In 2008, Hutton worried about what would happen to the company if something happened to him. He spoke to Varmus at MSK and said: “How would you like to own Geoffrey Beene?” Varmus happily agreed. Hutton donated 80 percent of Beene’s company to MSK; the Geoffrey Beene Foundation owns the remaining 20 percent.
The Geoffrey Beene Cancer Research Center is now 100 percent funded by the company and the Geoffrey Beene Foundation. And royalties from the company’s licensees fund the Geoffrey Beene Cancer Center.

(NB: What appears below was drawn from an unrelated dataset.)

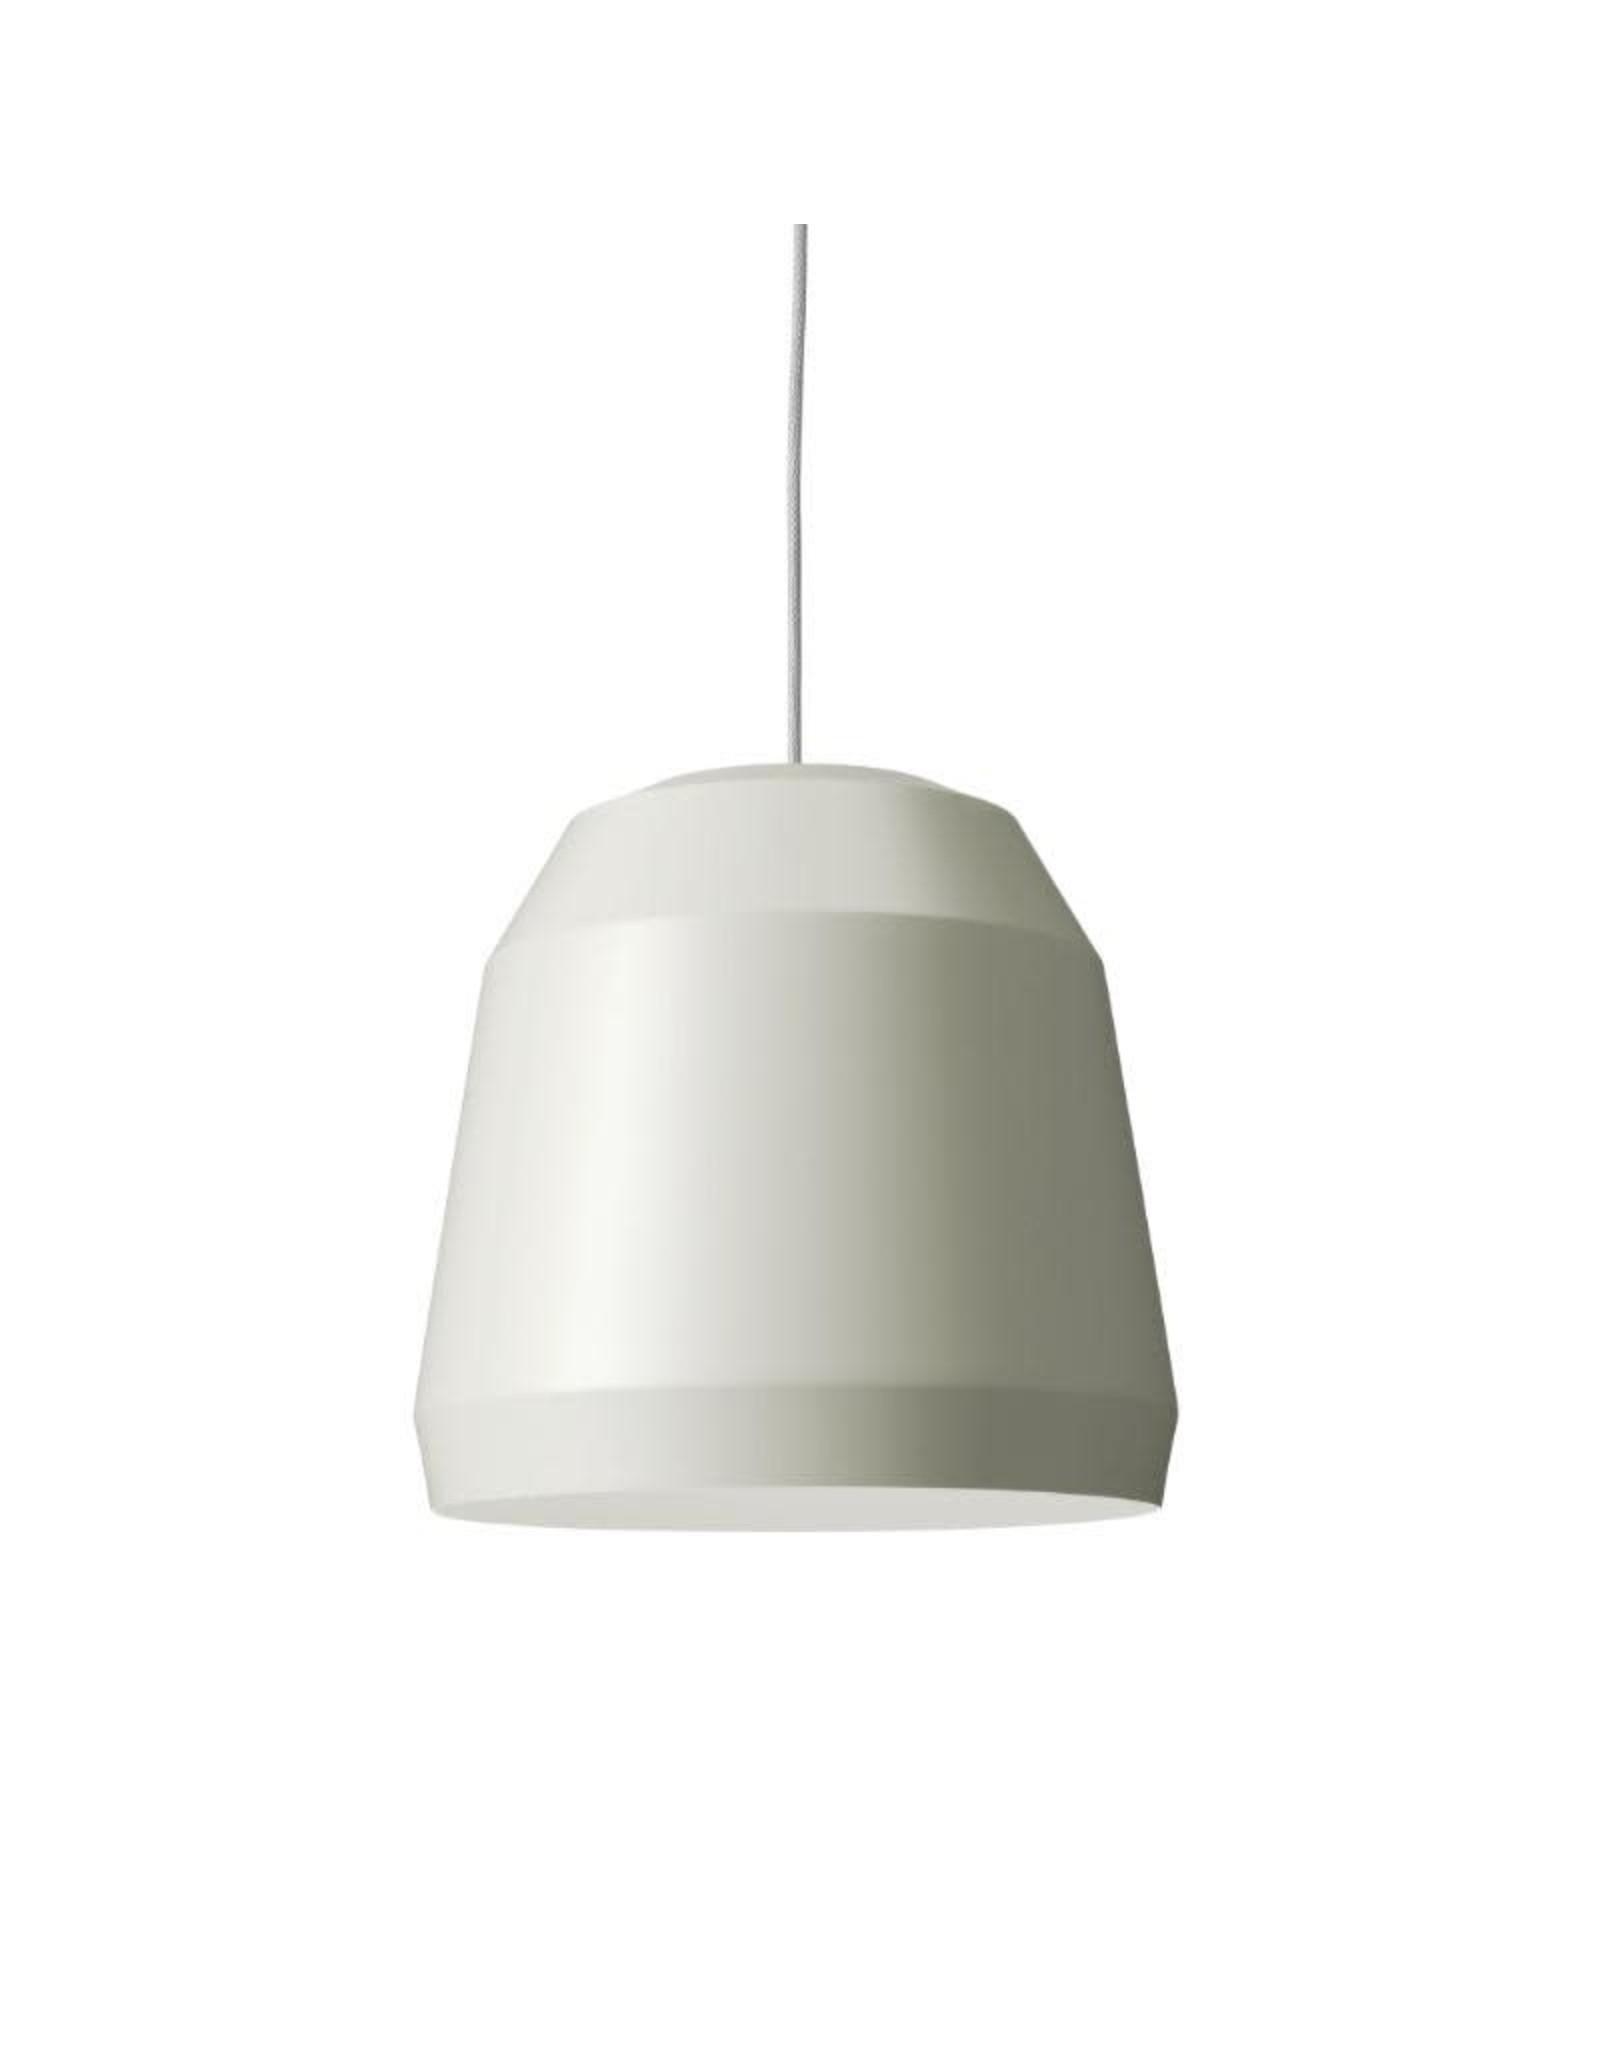 MINGUS 2 鋁製吊燈

Each licensee contributes funds to the advertising campaign. Beene hired CoolGraySeven to develop a marketing communications plan and an advertising campaign for fall to get the word out about the philanthropic thrust. The ads feature Colin Jost, writer and performer on “Saturday Night Live,” and coanchor of SNL’s Weekend Update. The campaign will break in the September issues of various men’s magazines, in addition to outdoor and digital media. “Mr. Beene’s irreverent wit was legendary, so we thought about a new face for the brand that would feel relevant for today’s consumer,” said Russell Nardozza, senior vice president and chief operating officer of Beene, referring to Jost.
Beene’s foundation also funds 40 to 50 charities, including research for Alzheimer’s, heart disease, YMA scholarships, the CFDA Lifetime Achievement Award, programs for veterans, protection of women and children, and protection of animals. Combined funding of all the causes that Geoffrey Beene LLC and the Geoffrey Beene Foundation supports will exceed $183 million in value by July.

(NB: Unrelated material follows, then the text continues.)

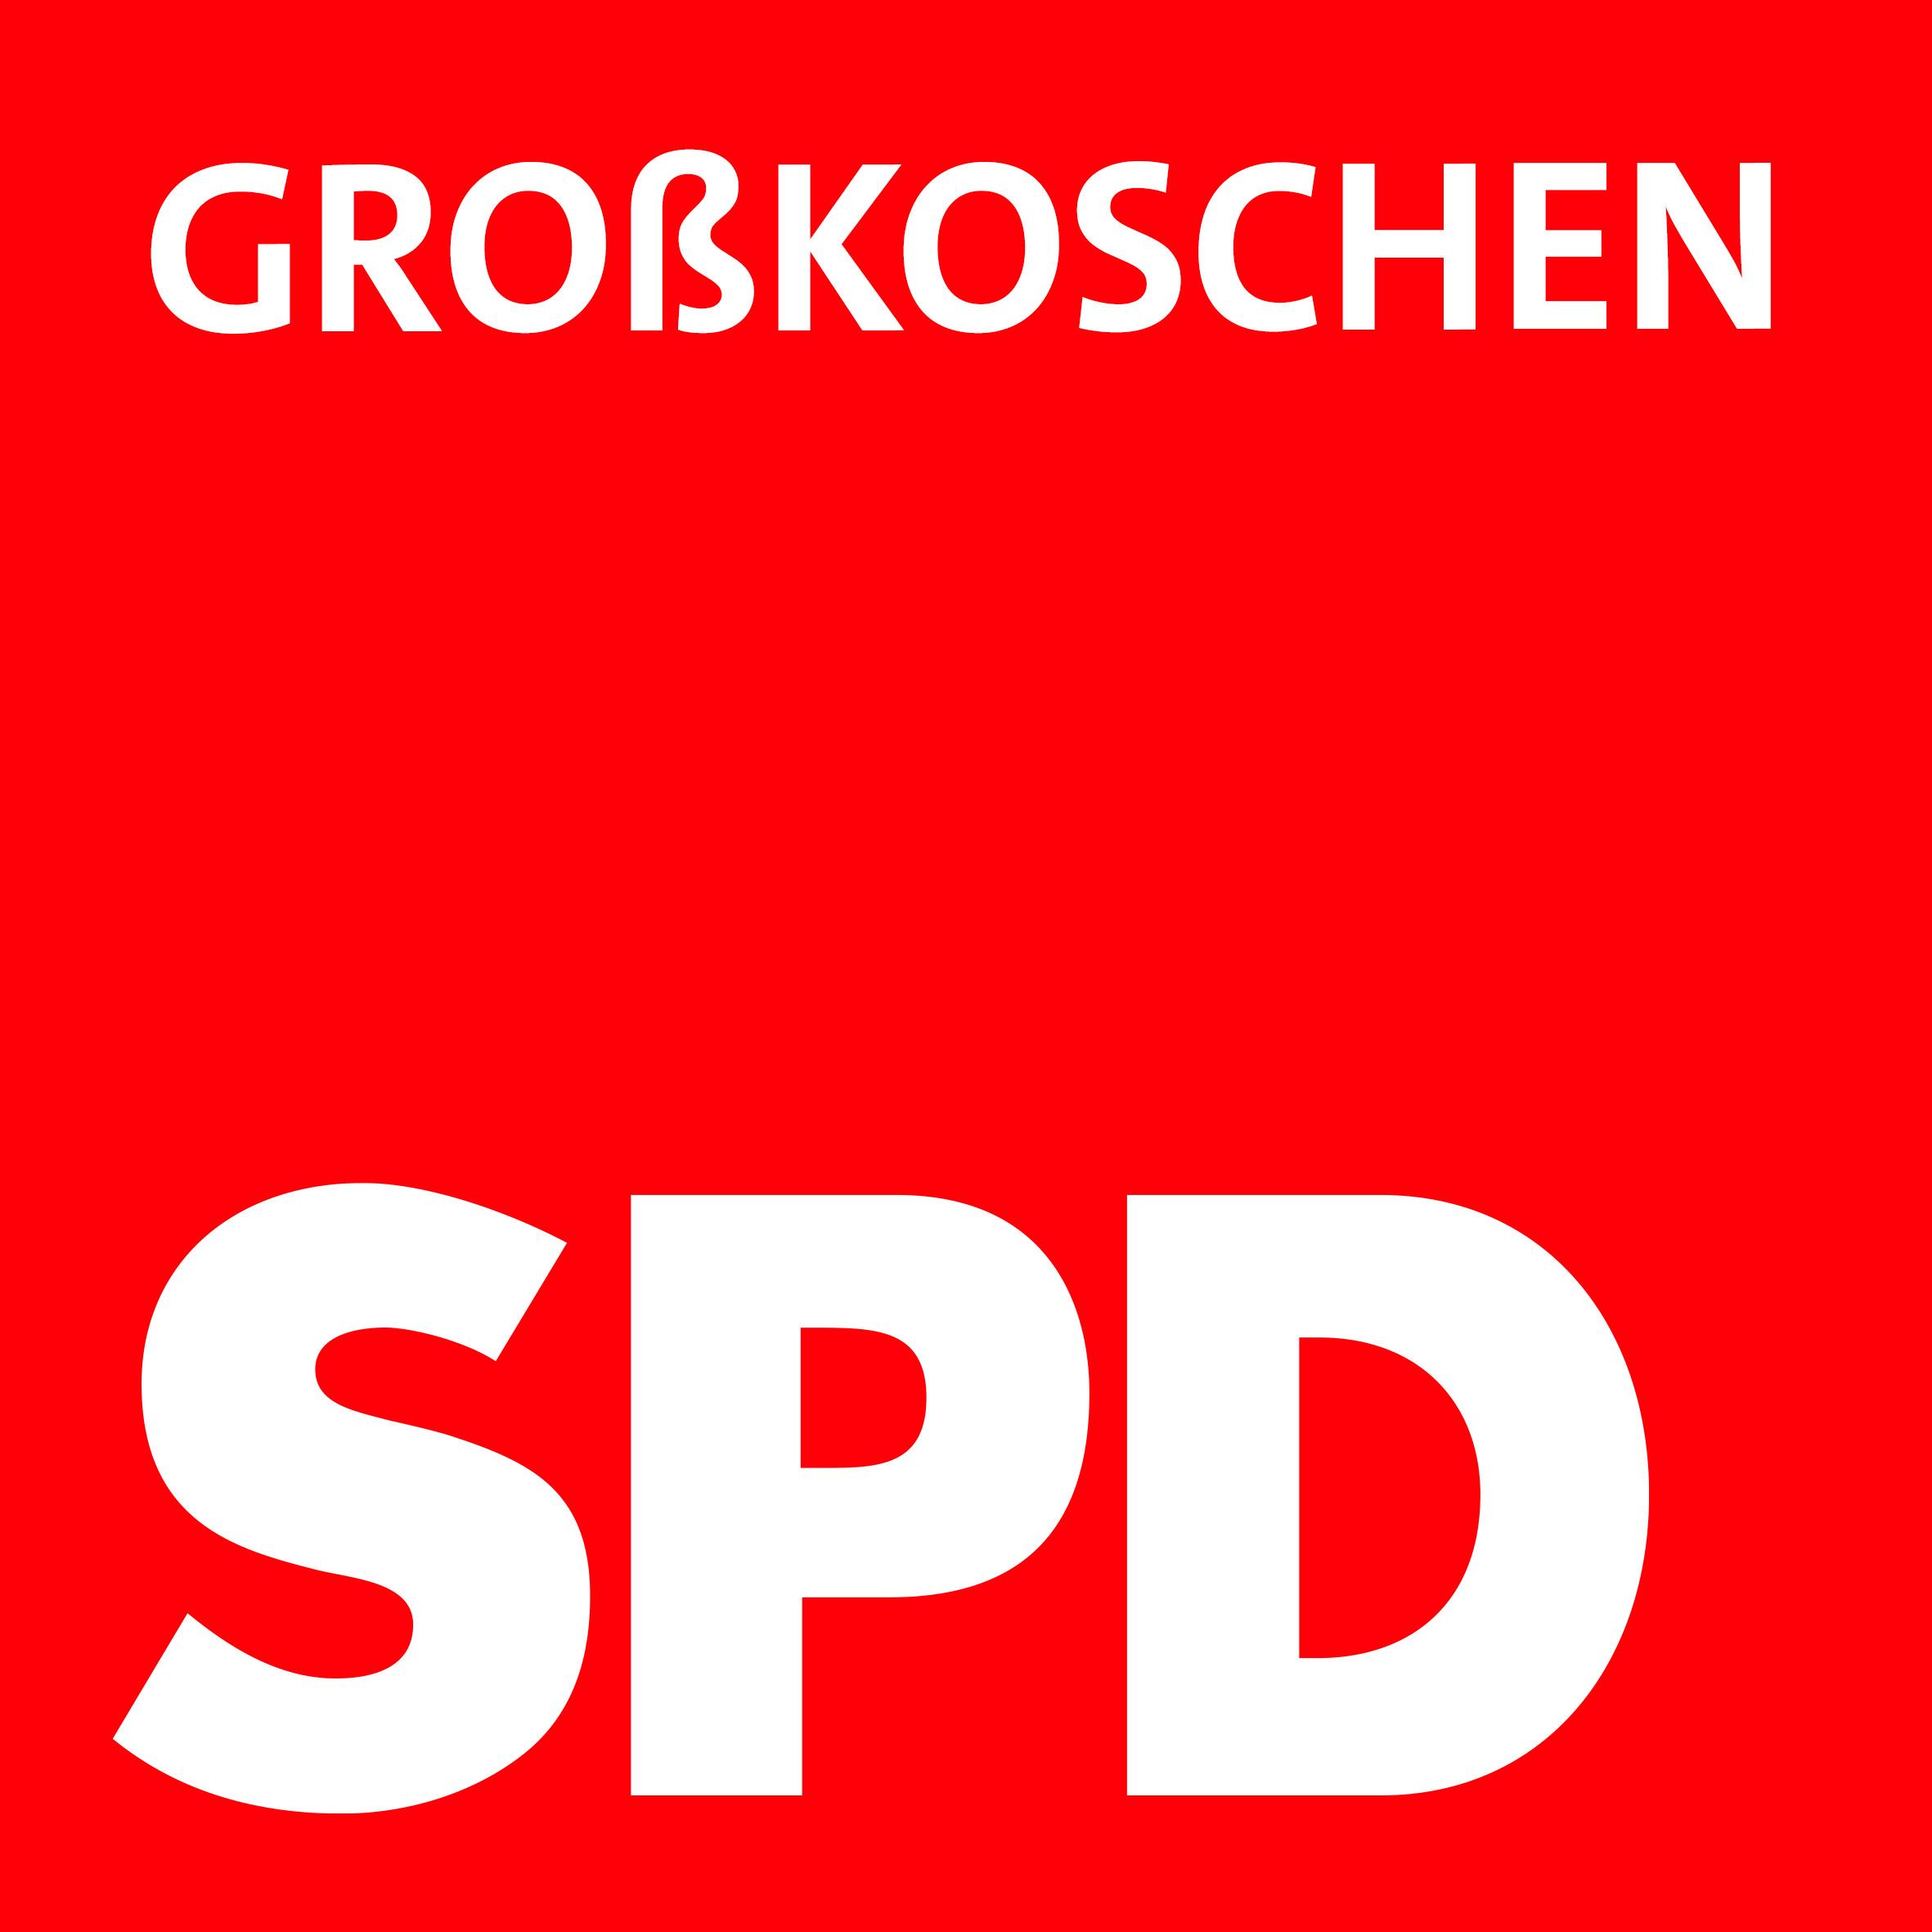 SPD Großkoschen

Among the breakthroughs from Beene’s cancer research funding are molecular diagnostics for targeted therapies; possible new treatments for pancreatic cancer, various leukemias, liver cancer and methods of combating breast cancer metastasis to the brain. Beene’s funds support advanced research initiatives and labs, the establishment of senior and junior faculty chairs, graduate fellowships, the annual Geoffrey Beene Symposium and the annual Geoffrey Beene Research Retreat.
“It’s absolutely been a transformative partnership for Memorial Sloan-Kettering,” said Craig Thompson, the hospital’s president. He noted that broad support for research has eroded in the U.S. since 2003 because of the economy and funding has been flat. “Part of science that particularly matters to cancer patients and to our understanding of cancer has been the ability to fund new ideas that might lead to more effective and safer therapies.”